When the migration completes, the following state is preserved:

  • The QUIC connection's TLS keys.
  • The Erlang dist control stream and its in-flight messages.
  • Every application stream (barrel_p2p_streams) opened on this connection.
  • The dist controller process and its registration in net_kernel.

What changes:

  • The local UDP 4-tuple (source IP and port).
  • The QUIC connection's path stats (RTT, congestion state) reset, since the new path may have different characteristics.

erlang:nodes/0 continues to report the peer. Pid ! Msg to processes on the peer continues to work, with no observable interruption.

Interaction with relays

A common use case: rebind a connection from one external relay to another. See route through a relay.

The flow:

  1. Establish a new socket adapter pointing at the new relay.
  2. Call barrel_p2p:migrate_peer(Node, #{timeout => 5000}).
  3. After migration succeeds, the dist controller continues on the new path.

This lets you swap relays without dropping any in-flight dist traffic.

Path statistics

The watchdog recipe in migrate connections reads the QUIC path stats via barrel_p2p_path_stats:

%% Smoothed RTT in microseconds.
barrel_p2p_path_stats:srtt(Node) -> {ok, integer()} | {error, term()}.

%% Wider snapshot.
barrel_p2p_path_stats:summary(Node) ->
    {ok, #{srtt := integer(),
           latest_rtt := integer(),
           cwnd := integer(),
           in_flight := integer(),
           congested := boolean()}}
  | {error, term()}.

These are read-only views over the underlying quic:get_path_stats/1 state. They are useful for triggers and for diagnostic logging; they do not initiate any action.

Stability tier

migrate_peer/1,2 is marked beta in features.md. The opts map may grow new keys across minor bumps; the existing timeout key is stable.
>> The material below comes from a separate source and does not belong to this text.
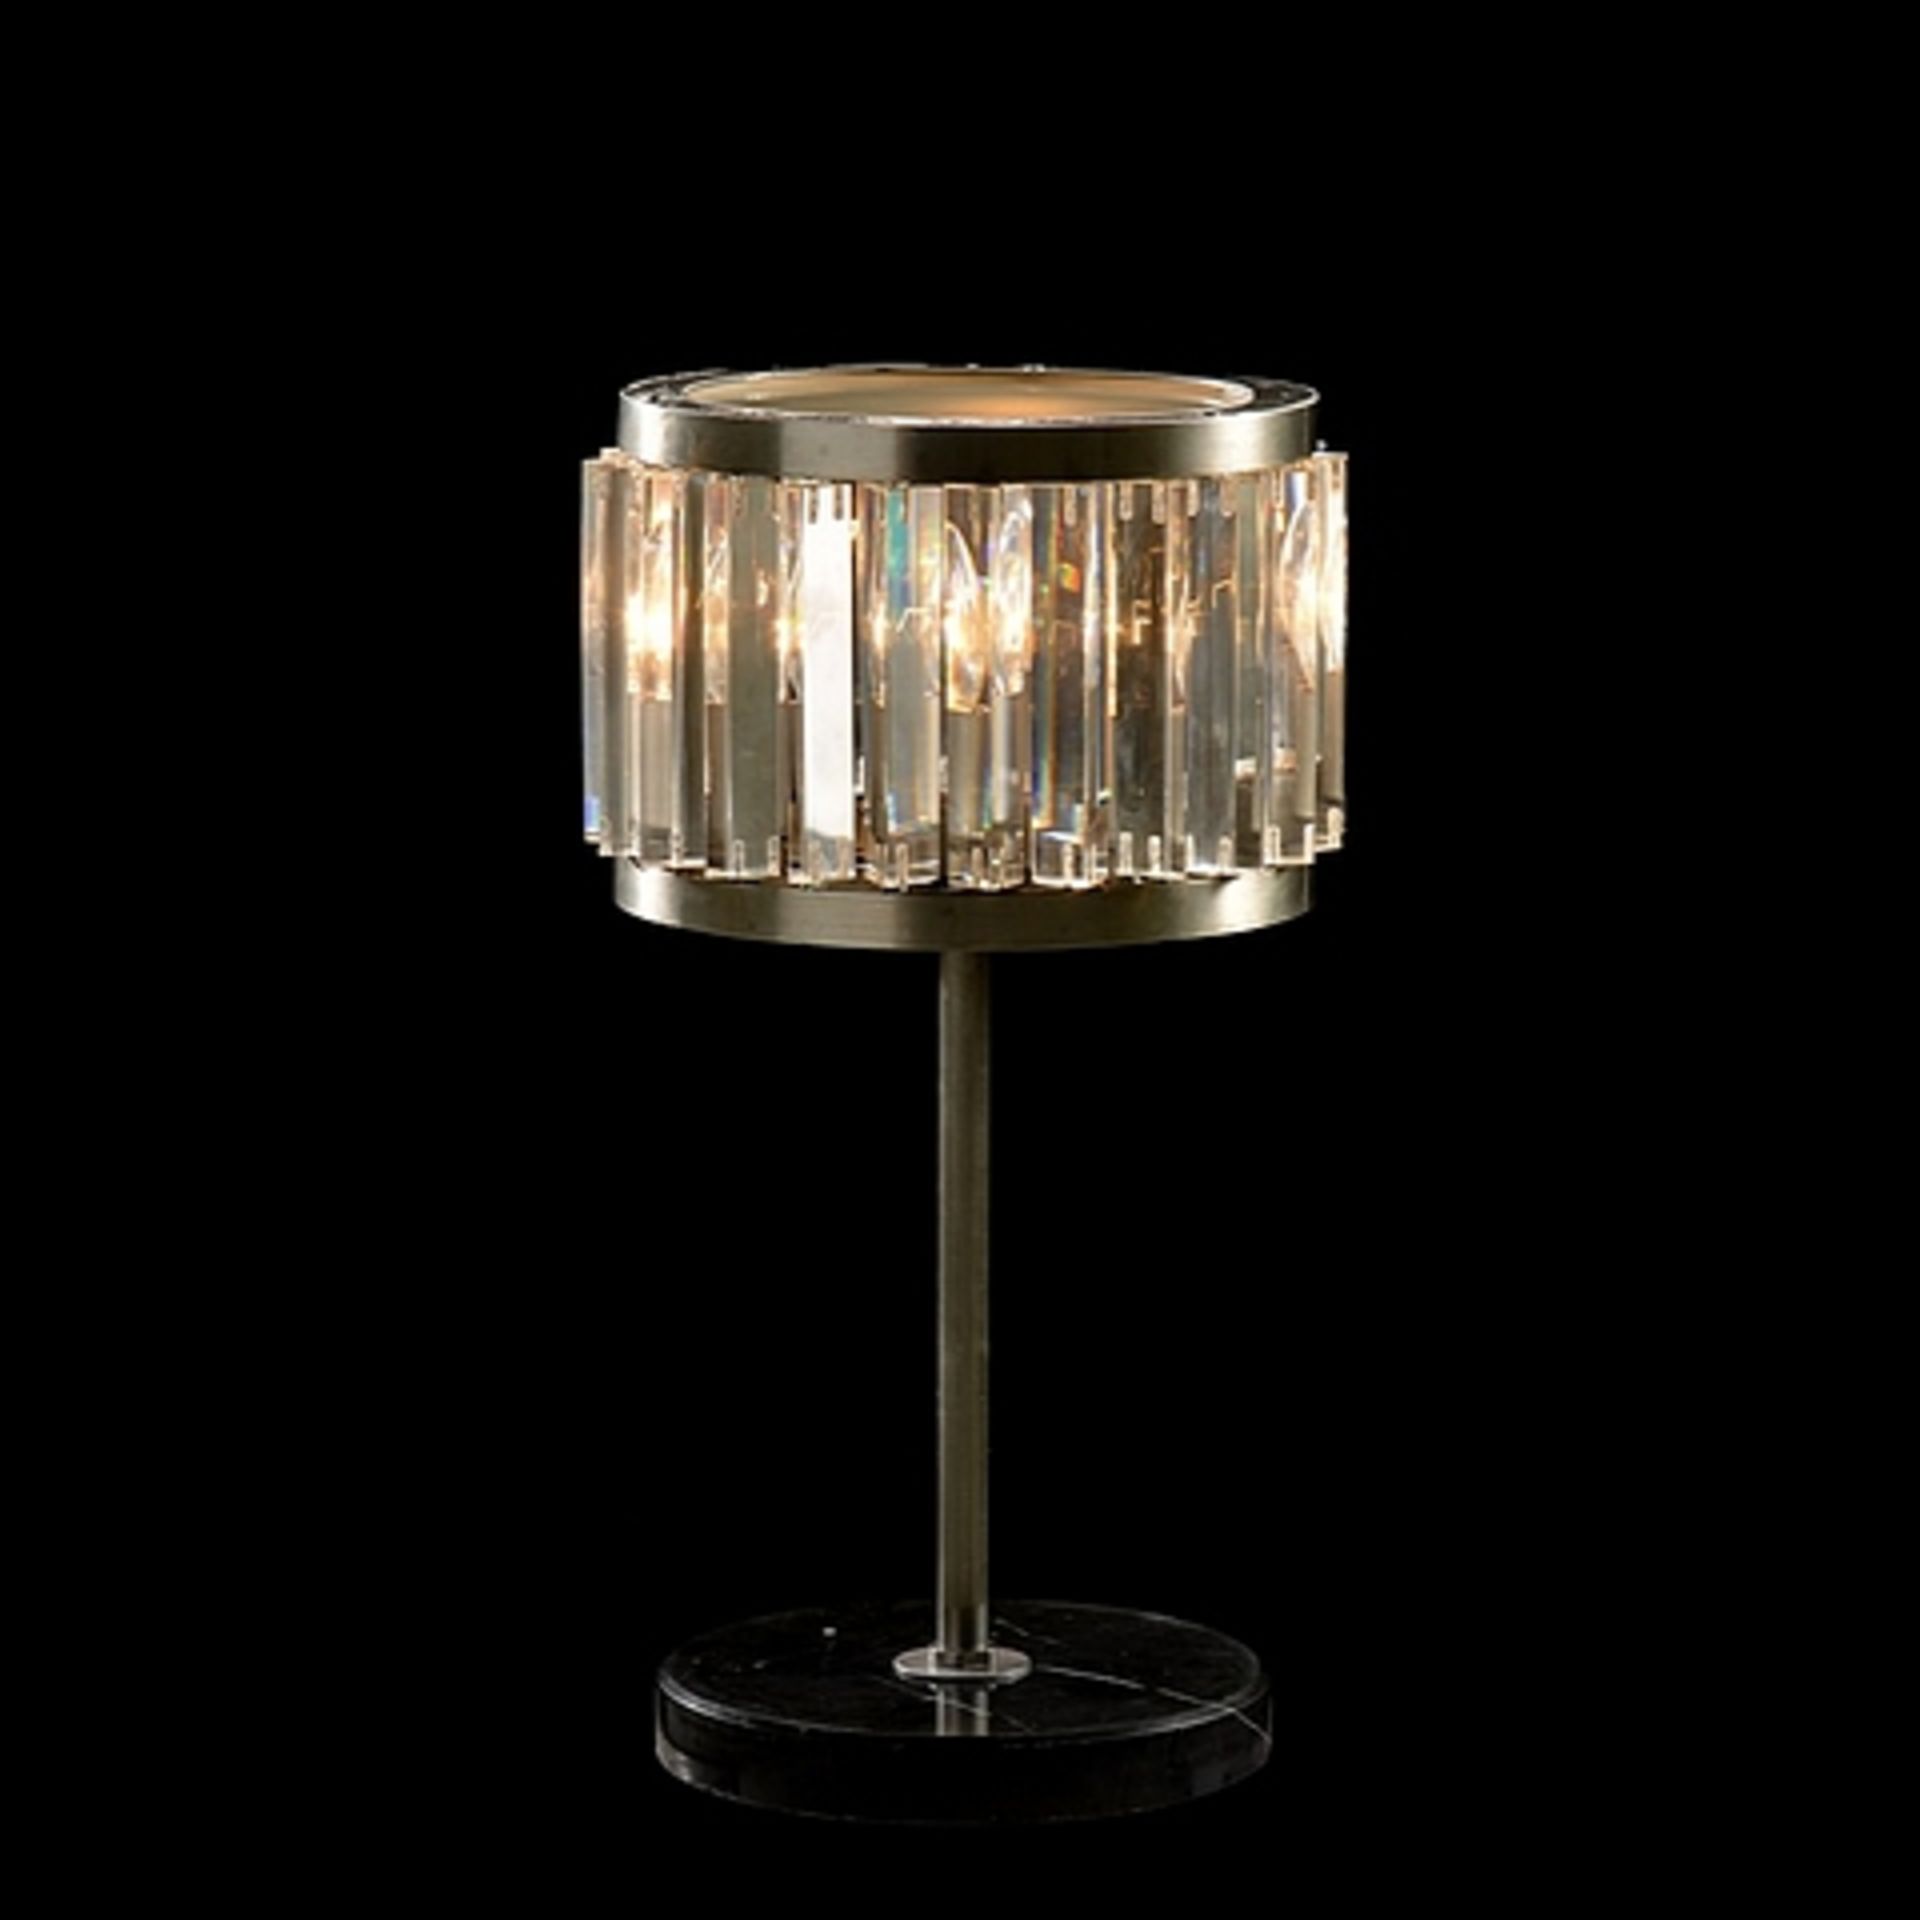 Rex table lamp 30 x 30 x 55cm The Oscar-worthy Rex celebrates the 1920’s era of opulence and

The error returns are stable. Code that pattern-matches {error, peer_disable_migration} will continue to work.

API

barrel_p2p:migrate_peer(Node) -> ok | {error, term()}.
barrel_p2p:migrate_peer(Node, Opts) -> ok | {error, term()}.

%% Path statistics for diagnostics or triggers.
barrel_p2p_path_stats:srtt(Node) -> {ok, integer()} | {error, term()}.
barrel_p2p_path_stats:summary(Node) -> {ok, map()} | {error, term()}.
barrel_p2p_path_stats:connection(Node) -> {ok, pid()} | {error, term()}.
  • Migrate connections is the operational recipe with a watchdog example.
  • Dist channel is the QUIC connection that carries the dist traffic and that migration rebinds.
  • Streams explains what rides through a migration alongside the dist control stream.
  • Route through a relay is how migration is used to swap external relay paths.